Randy rolled away from the woman and lay in the dirt, his hands clenched, his breath sobbing in and out. He thought he was going to retch. He was trembling uncontrollably. His chest felt tight and hot, his heart trip-hammering as it never had before. He was having a heart attack. That must be it. He lay in the dirt and waited to die.
After a while, his heart slowed. He looked at the blue November sky, running like a river between the trees that enclosed his line of sight. His breathing came easier. His trembling slowed to twitches. He still felt feverish and sick, as if his skin were too small for his body, but he had to accept that he wasn’t going to drop dead on the spot. Which meant he had to face the crumpled, unmoving heap beside him. The woman. He turned his head, his throat aching. She was still, too still, and there was blood all over her white face. He rolled his head back. Looked at the river-sky. Oh, God. He was going to die. Not right now, not here in the dirt in the middle of the woods, no. He was going to die strapped to a gurney in a clean room with bright lights in Clinton. Because he had finally, irrevocably lost his temper.
He started crying again, tears spilling hot over his cheeks and running into his ears. His nose clogged and mucus clotted his throat, until he couldn’t breathe and he had to heave himself into a sitting position and hack.
He looked at her again. Should he go to the cops and turn himself in? Did he need to get a lawyer first? How was he going to afford a lawyer? Oh, God, what about Lisa? This would kill her. He had just wanted to stay with her, and now he was a murderer and he was going to be locked up for the rest of his life and die. He rocked back and forth, clamped in place by misery.
What should he do? What should he do? His whole life ruined because he hadn’t been able to keep a lid on it when that teasing bitch taunted him and took his picture. He looked at the disposable camera, abandoned in the dirt. That was it. That was what he was going to the death house for.
Unless he wasn’t.
The thought seemed to settle over him from the cold blue sky, to creep up on him through the gray and groaning trees. What if-he didn’t turn himself in? What if he wasn’t caught? What if he walked-no, ran down the hill and took her car and drove away? Was there any way to connect him to-he didn’t want to name her, but he gave her a wary glance. To her?
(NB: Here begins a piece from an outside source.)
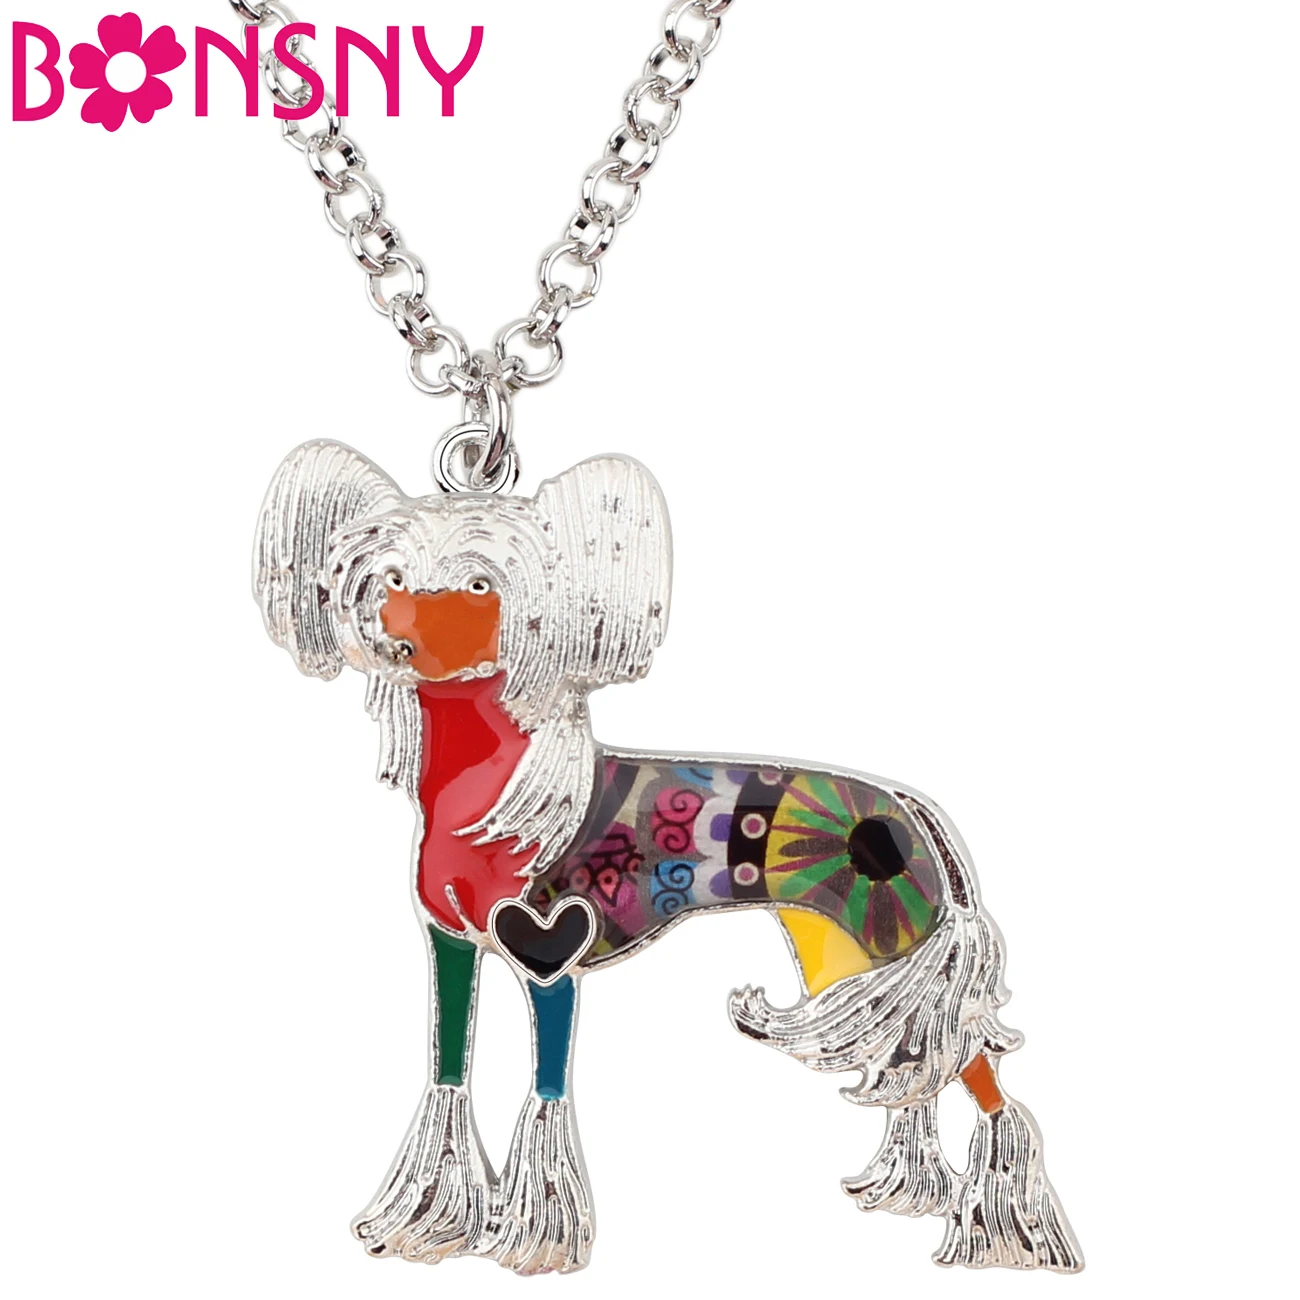 

Bonsny Statement Enamel Alloy Chinese Crested Dog Necklace Pendant Chain Choker Fashion Pet Animal Jewelry For Women Girls Gifts

He thought about his day, about the trail he had left behind him. As far as Lisa and his brother-in-law were concerned, he was still at home. Lewis Johnson had seen him at the mill this morning, and Geraldine Bain at the post office at maybe ten o’clock. He hadn’t said anything about his plans to Ed Castle. So he was good there.
It broke down with his bike, though. Triple A would have a record. They had picked up his bike on her card, and he hadn’t even been there. Any cop asked, it’d be pretty damn obvious he had gone with her.
He had figured, when she offered him a ride, to have her drop him off at Mike Yablonski’s. He could pick up his truck there and take Lisa home.
Mike Yablonski’s. What if he had asked her to take him there first? That would have made good sense. If anybody asked, Yabbo’d say Randy had been with him the whole time, no sweat.
He didn’t waste any more time thinking. He snatched up the camera and rolled to his knees. Avoiding looking at her, he rose unsteadily to his feet. After a few tentative steps, he walked, then jogged, then ran the last of the way to her car. His throat ached with every breath. He flung open the door and bounced into the driver’s seat.